One thing I would add is that there's a little bit of an "arms race" between manufacturers with respect to the performance of their respective flavors of sensorless modes and I feel like they almost put pressure on you to not use an encoder. If you have an application that needs accurate speed or torque control at speeds lower than 2x the slip speed of the motor, my advice is this: unless you are an OEM where the savings associated with eliminating an encoder is multiplied over a whole bunch of machines, and you are able to spend time getting the tune and everything just right, err on the side of caution and just install an encoder. Let the "experts" who aren't actually responsible for making sure it works right sit at there desks all proud of themselves telling you the encoder wasn't needed. Drives these days can do amazing things with or without encoders but man with an encoder things just get a lot easier.


----------



## Hybwolf (Jul 31, 2011)

Thank you for the replies, this is helpful information.


----------



## JRaef (Mar 23, 2009)

KennyW said:


> One thing I would add is that there's a little bit of an "arms race" between manufacturers with respect to the performance of their respective flavors of sensorless modes and I feel like they almost put pressure on you to not use an encoder. If you have an application that needs accurate speed or torque control at speeds lower than 2x the slip speed of the motor, my advice is this: unless you are an OEM where the savings associated with eliminating an encoder is multiplied over a whole bunch of machines, and you are able to spend time getting the tune and everything just right, err on the side of caution and just install an encoder. Let the "experts" who aren't actually responsible for making sure it works right sit at there desks all proud of themselves telling you the encoder wasn't needed. Drives these days can do amazing things with or without encoders but man with an encoder things just get a lot easier.

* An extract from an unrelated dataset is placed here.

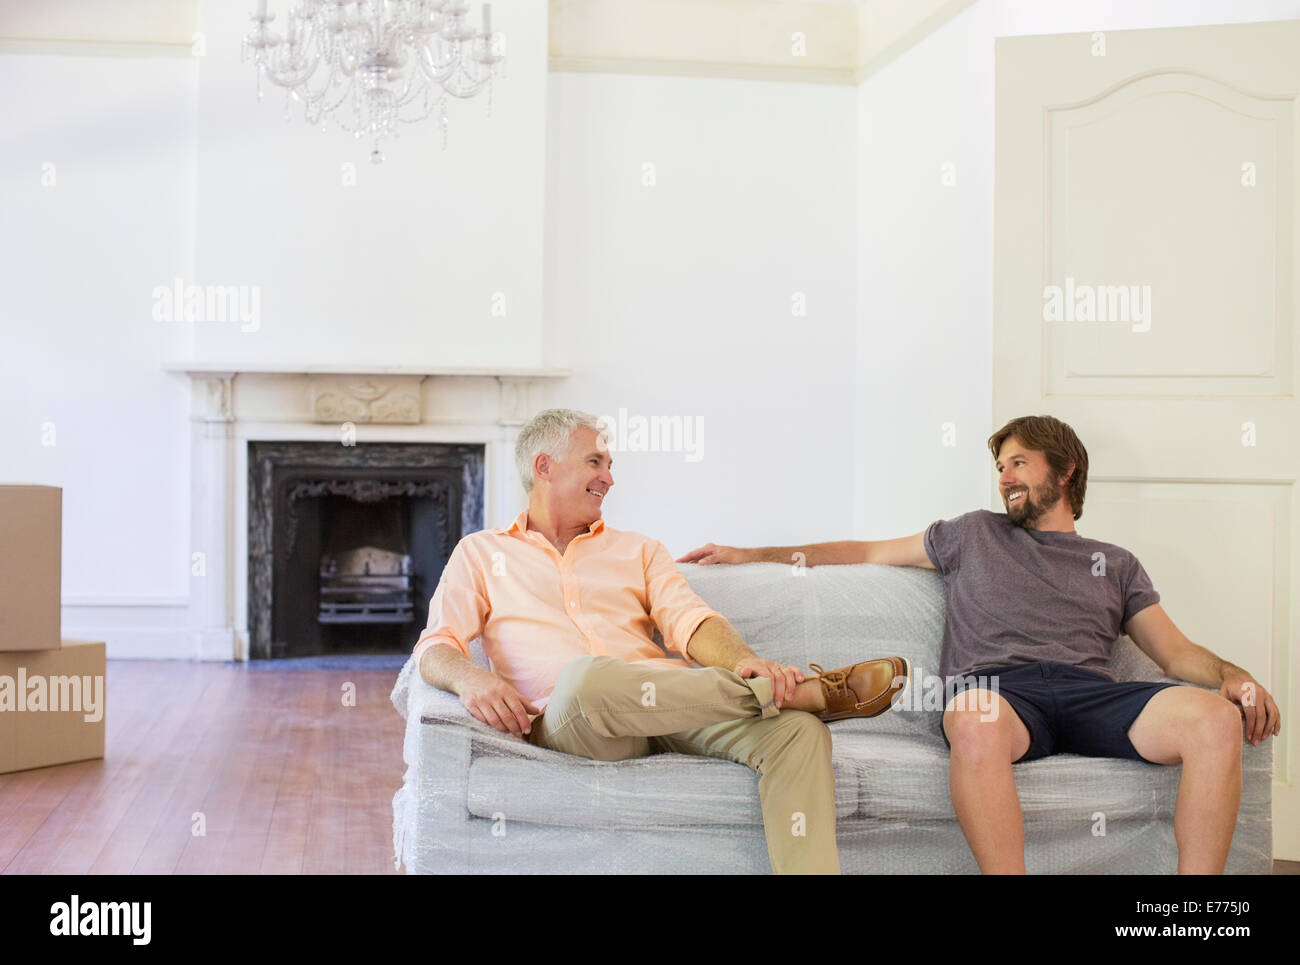 Padre e figlio seduti sul divano in spazio abitativo Foto Stock

I agree. There are however some applications where an encoder is just impractical. Anything involving high vibration or dust for example. I had tried to do load sharing on rock crusher motors with sensorless vector drives in the past and it didn't work, yet there was no way an encoder would have survived. But the new Encoderless FVC in the PowerFlex 755s is now as good as the encoder version for torque control and it works flawlessly. AB claims it can do Torque Proving for hoists without encoders too, but I used to do hoists for Boeing, no way would I trust that when lifting a 747... I want that encoder.


----------



## KennyW (Aug 31, 2013)

Ironically enough I have worked on crushers with encoders, most of our work materials handling and mining. Lots of coal shiploaders and the like. Lots of dust, lots of vibration. 

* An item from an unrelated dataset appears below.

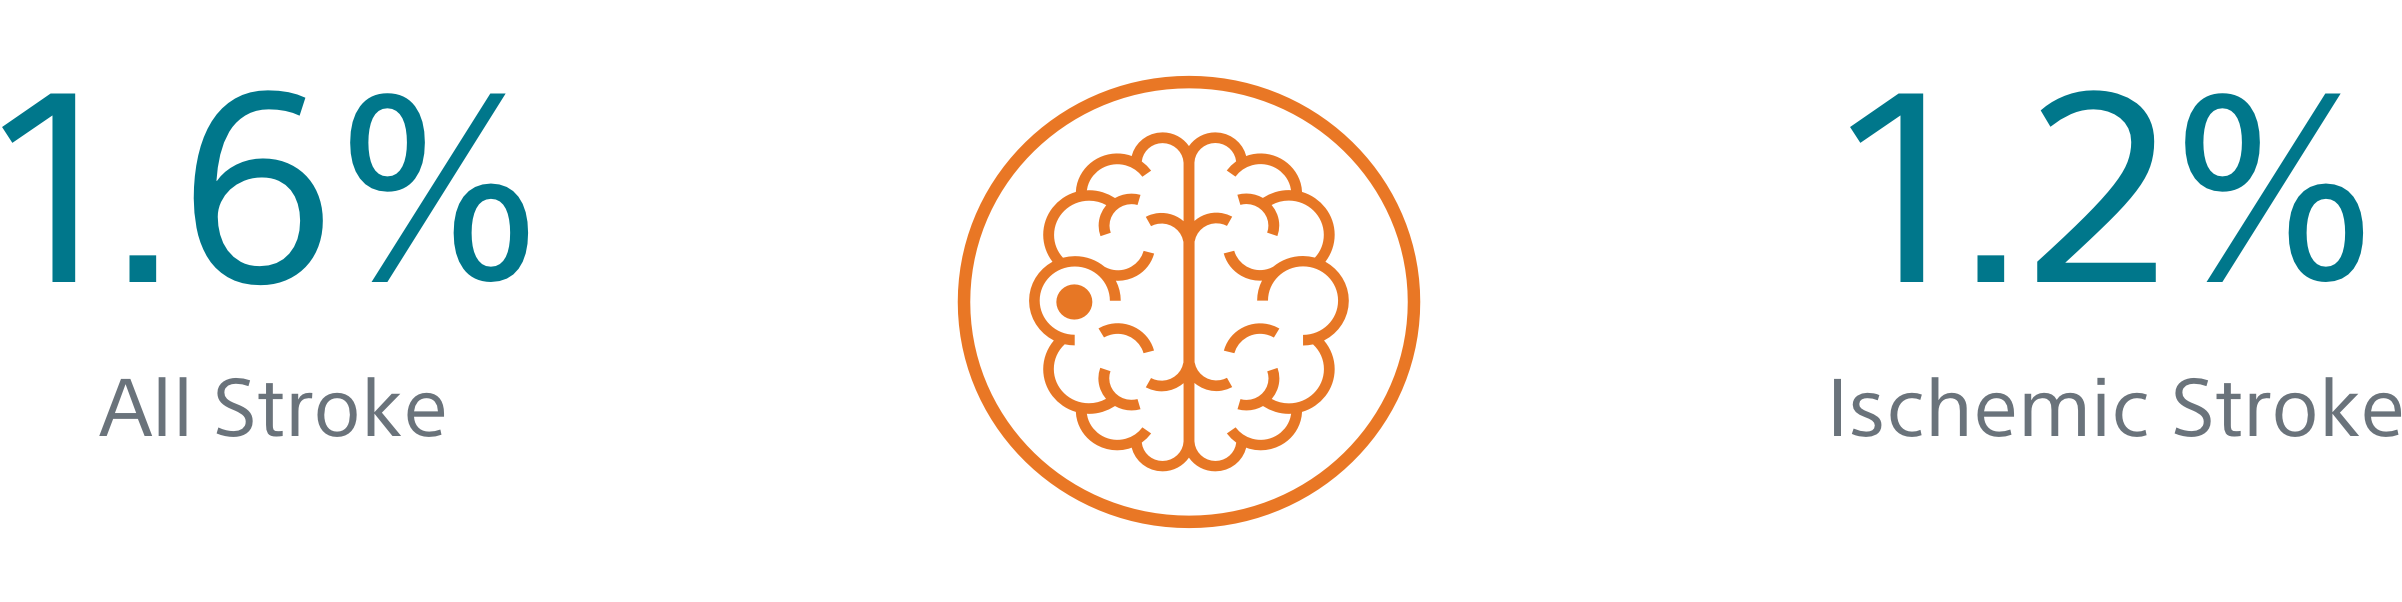 stroke statistics and orange brain icon

The encoders we use typically look something like this and are magnetic, not optical, more like a resolver. You will not kill such a beast. 










They are not cheap but of course as you know not much is in the mining and oil & gas world.


----------



## JRaef (Mar 23, 2009)

KennyW said:


> Ironically enough I have worked on crushers with encoders, most of our work materials handling and mining. Lots of coal shiploaders and the like. Lots of dust, lots of vibration.
> 
> The encoders we use typically look something like this and are magnetic, not optical, more like a resolver. You will not kill such a beast.
> 
> ...


Who's product is that? I don't recognize it, it would be good to know.


----------



## John Valdes (May 17, 2007)

JRaef said:


> Who's product is that? I don't recognize it, it would be good to know.


The color says Weg? I know they use that color on most all their stuff, or at least they used to.
And its IEC as you can see the connector.


----------



## KennyW (Aug 31, 2013)

They are made by Avtron. 

http://www.nidec-avtron.com/encoders/family/heavy-mill-duty/xr45


The are cULus listed for Class 1 Division 1, so not just IEC (ignore the cable gland that's installed, it is a 1/2NPT conduit entry into that connector, so the installed gland is basically irrelevant). We use them in unclassified areas as well. We tend to find that, generally speaking, if something is C1D1, it'll be good in unclassified but nonetheless harsh environments as well.


----------



## JRaef (Mar 23, 2009)

Ahhh... Avtron. I forget about them. Must be a metal block, because they took a huge project away from me years ago for engine test stands at Boeing that had I won, would have let me retire at age 40...


----------